One of them is Margaret Wisniewski, an 80-year-old widow from Summerfield in Central Florida who put about $100,000 into TTI through Smalbach.
In a lawsuit against Smalbach, Trina and TTI, Wisniewski's lawyer, Richard Mockler, says his client was an unsophisticated investor who had net worth of less than $1 million. He claims someone forged Wisniewski's accredited investor form, which is erroneously initialed "MGG." The investment, he says, constituted "exploitation of a vulnerable adult."
Trina and TTI said they didn't have money to fight the suit and Mockler has moved for a default judgment, which is pending. Smalbach, meanwhile, has denied any wrongdoing, including a denial that he signed Wisniewski's "accredited investor" form. He said in court filings that TTI was "appropriate for her investment objectives."
"I expressed my optimism of the potential performance of the corporation," Smalbach said.

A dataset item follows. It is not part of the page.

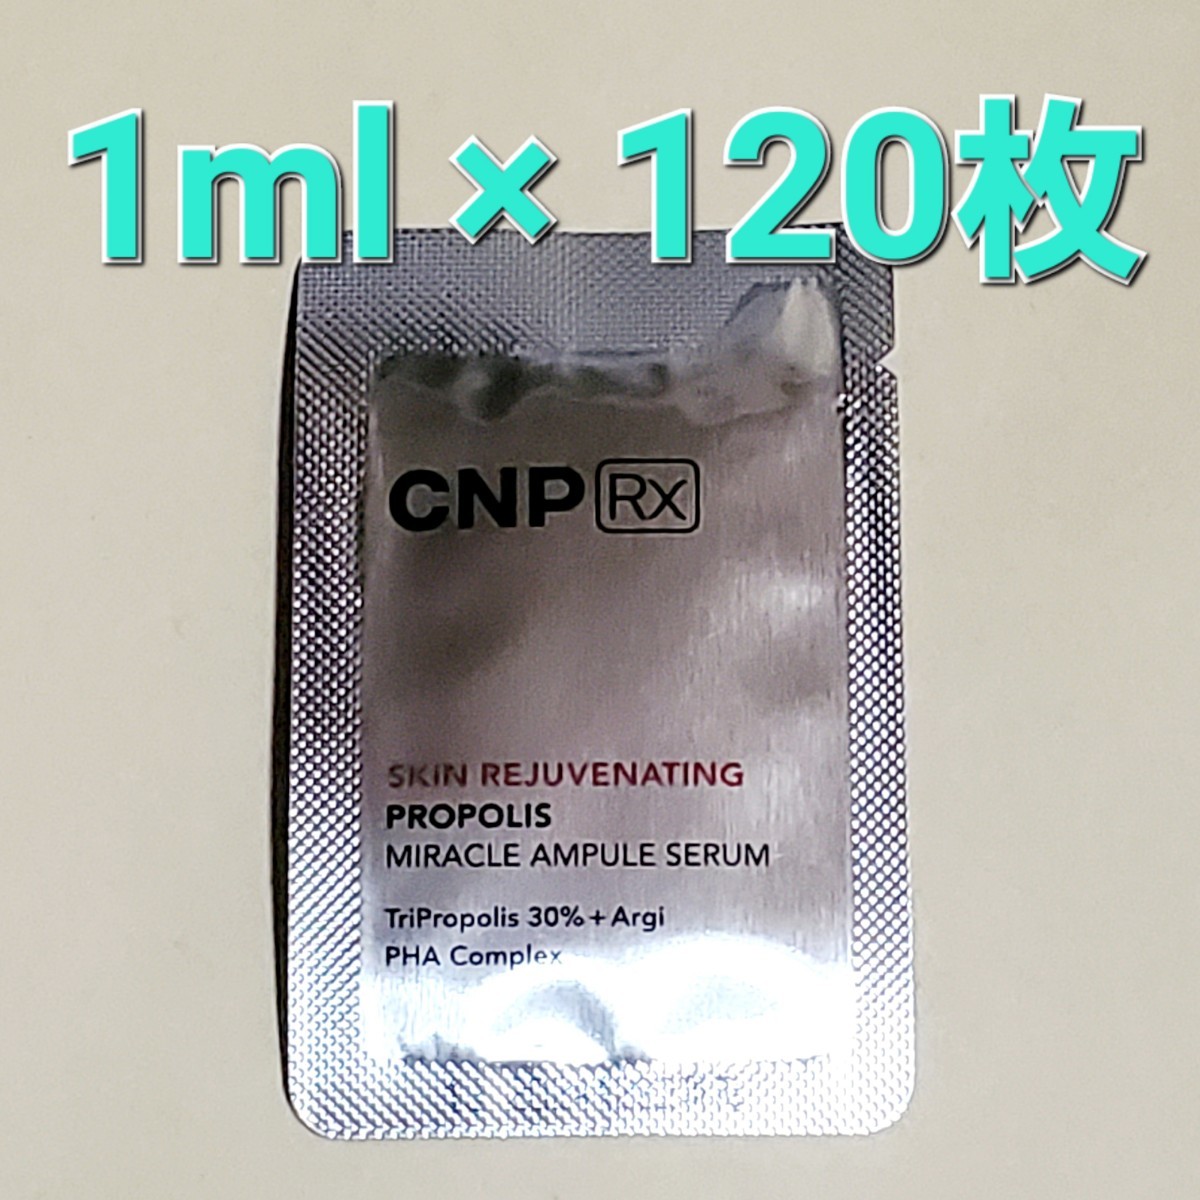 CNP RX チャアンドパク スキン リジューヴィネイティング プロポリス ミラクル アンプル セラム 1ml 120枚 (120ml)_画像1

Federal regulatory records show GunnAllen Financial fired Smalbach in June 2008 for phoning the investment company Charles Schwab and impersonating a Schwab customer on three occasions in order to liquidate and transfer an account. Schwab also alleged Smalbach signed a customer's name to a document. Smalbach denied signing the customer's name and said he was acting on the customer's instructions during the calls to Schwab.
After leaving GunnAllen, Smalbach worked briefly for Summit Brokerage Services. Summit fired him in July 2008 for soliciting $1.2 million in business before he was properly registered and submitting the transaction through an associate. Federal regulators fined Smalbach $10,000 and suspended his license for six months.
Smalbach consented to the sanctions, "without admitting or denying the findings," according to public records. "When I joined Summit Brokerage, their management suggested this action," Smalbach said. "I did and agreed to (the fine and suspension) as a quick and speedy chance to go back to work."
Smalbach has not yet been hired by another brokerage firm, a requirement for being licensed as a securities broker.
Ferreira, a certified tax preparer, met Smalbach and began keeping the broker's personal and business books a few years ago. But Ferreira said he ended that relationship at the end of 2008.
"I felt he was churning customers, and when I approached him about it, he got angry," Ferreira said.
Ferreira was also upset that his wife lost $50,000 in an oil and gas investment recommended by Smalbach.
Meanwhile, Ferreira continued doing taxes for many of Smalbach's clients and in spring 2009, he began to see money-losing TTI investments in their portfolios. Several of Smalbach's clients also incurred thousands of dollars in taxes when they sold annuities to buy TTI, the bookkeeper said and customers confirmed.
"I kept seeing this TTI crap over and over again and I thought, 'This is not good,' " said Ferreira, who contacted the state with his concerns two years ago. Investigators interviewed several of Smalbach's former clients soon after. A spokeswoman for Florida's Office of Financial Regulation said it has an open enforcement case on Smalbach but declined further comment.
Ferreira is frustrated that the state hasn't taken some action against the former broker. "Do regulators want the witnesses to die?" he asked. "Because that's what's happening."
Meanwhile, Smalbach has maintained a Florida license to sell health and life insurance, including some types of annuities. The agency that regulates insurance agents would not comment on whether it is investigating any complaints against him.